Latest update : 2015-10-20

As COP 21 – the landmark climate change conference in Paris – looms, the World Bank’s President Jim Yong Kim told FRANCE 24 why his organisation believes carbon pricing schemes are the key to drastically reducing the world’s greenhouse gas emissions.

“We know there is a cost to putting carbon into the air that can be translated directly into human lives, for example – carbon-based pollution takes the lives of millions of people every year,” said Kim

“But we haven’t been incorporating that cost into the way we do business. Through taxes, through fees, through trading schemes, we simply want the actual cost of putting carbon in the air to be reflected in everything we do.”

This will drive greater innovation and investment in green energy technology, he believes, that would allow the world to “reduce the carbon footprint dramatically”.

So far, just a handful of countries – including Mexico, Chile and the European Union states – have a national carbon pricing scheme in place.
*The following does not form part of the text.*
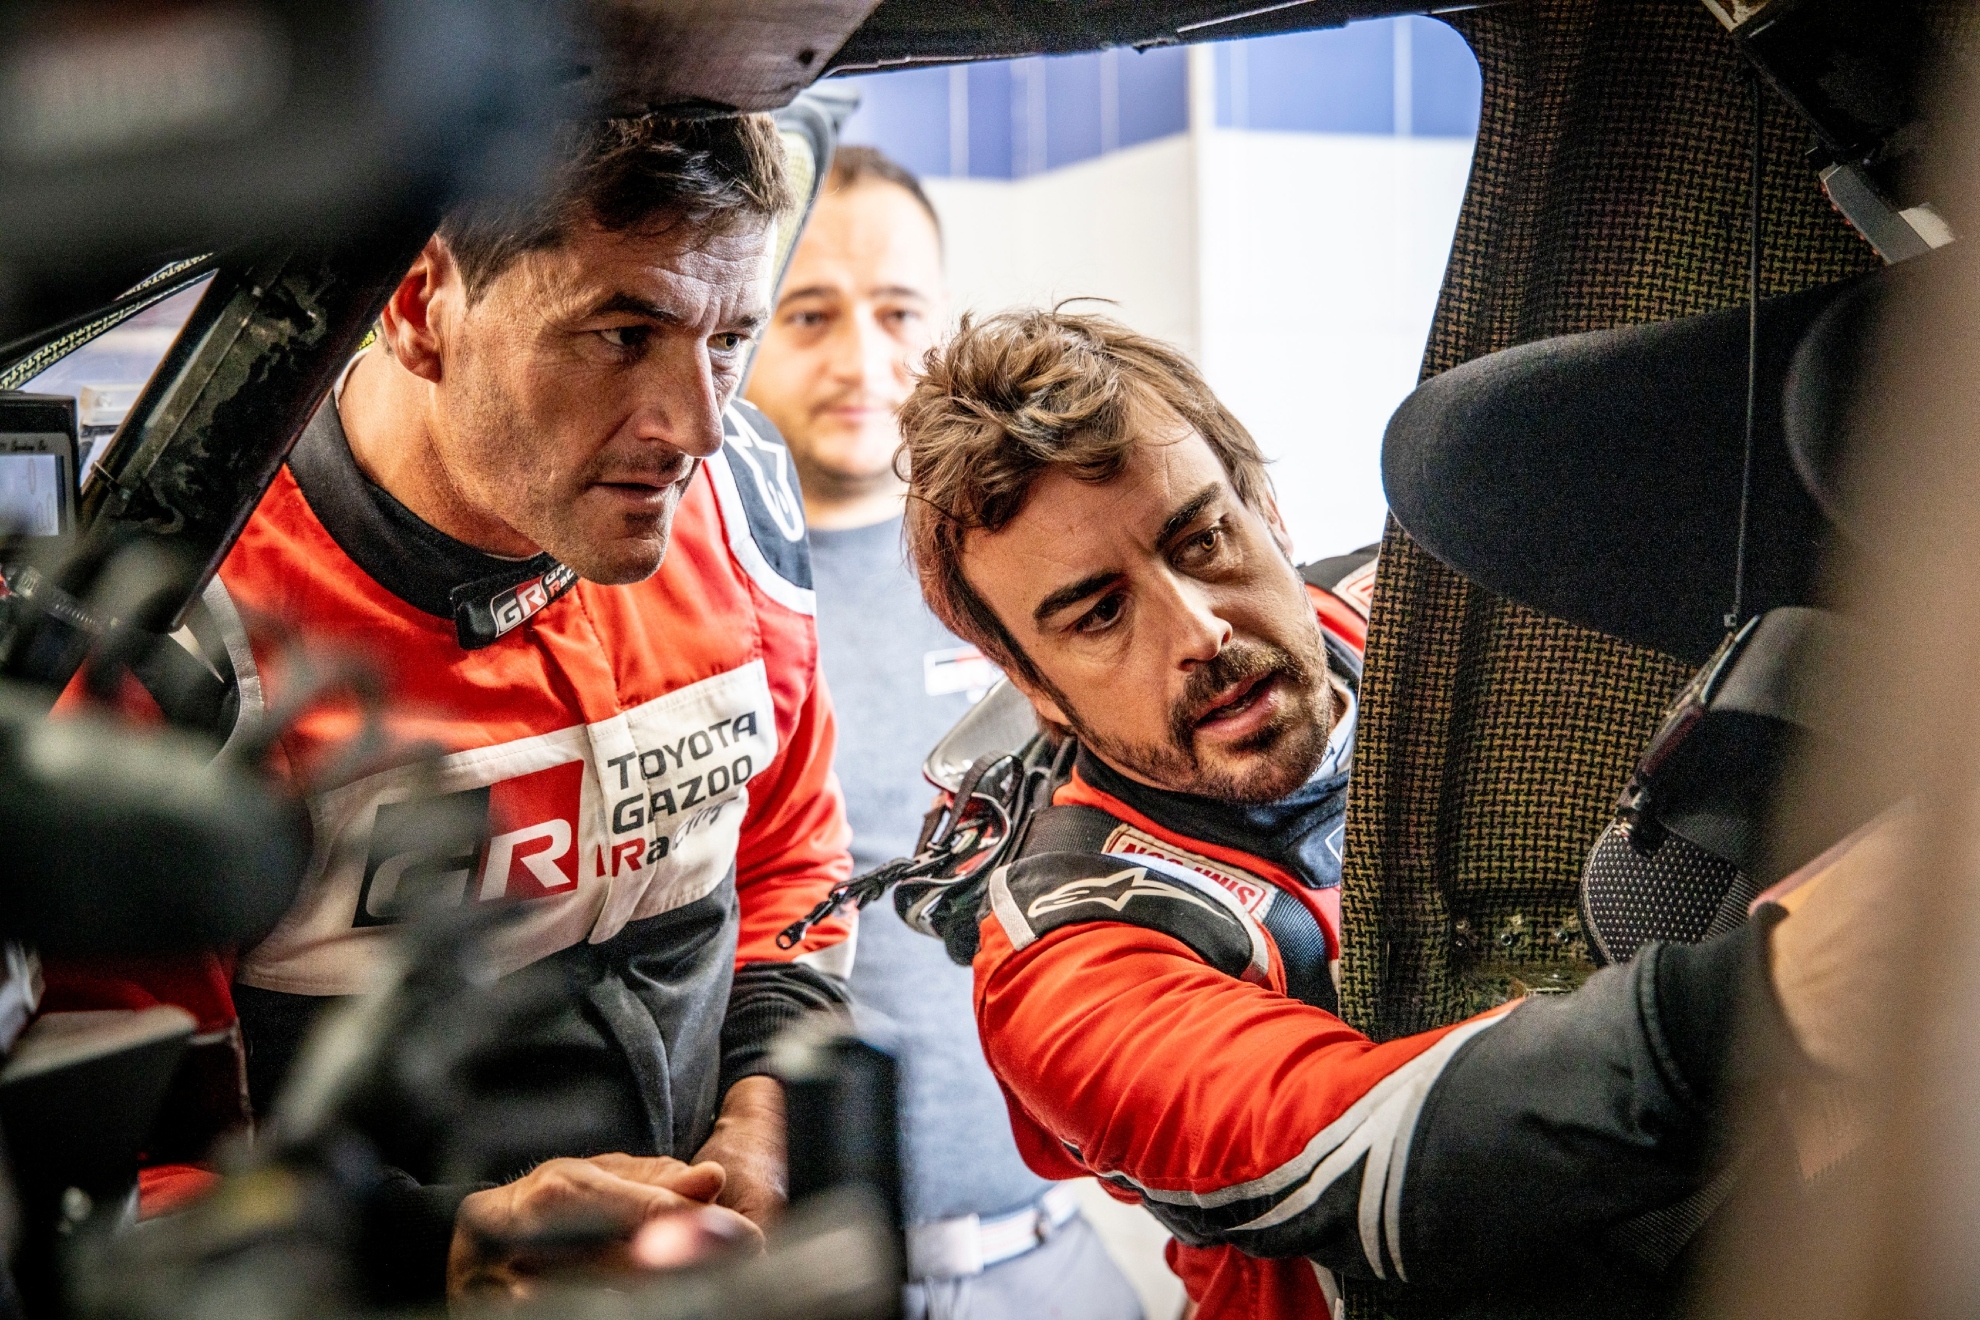 La ltima experiencia de Coma en el Dakar fue... junto a Fernando Alonso.

But Kim believes that there is a growing international support for such schemes, with the world’s biggest polluter China among nations set to introduce country-wide carbon pricing in the near future.

Kim said that around 80 of the approximately 150 nations that have pledged to reduce carbon emissions ahead of the Paris talks have included some sort of carbon pricing initiatives in their commitments.

Nevertheless, the World Bank is not pushing for carbon pricing to form part of the COP 21 negotiations, believing opposition by some countries would make an agreement too hard to reach.

“The key is we have got to get to an agreement in Paris,” said Kim. “Right now, the negotiations are very complicated, any time you try to get 190 plus countries to agree on a way forward it’s complicated.”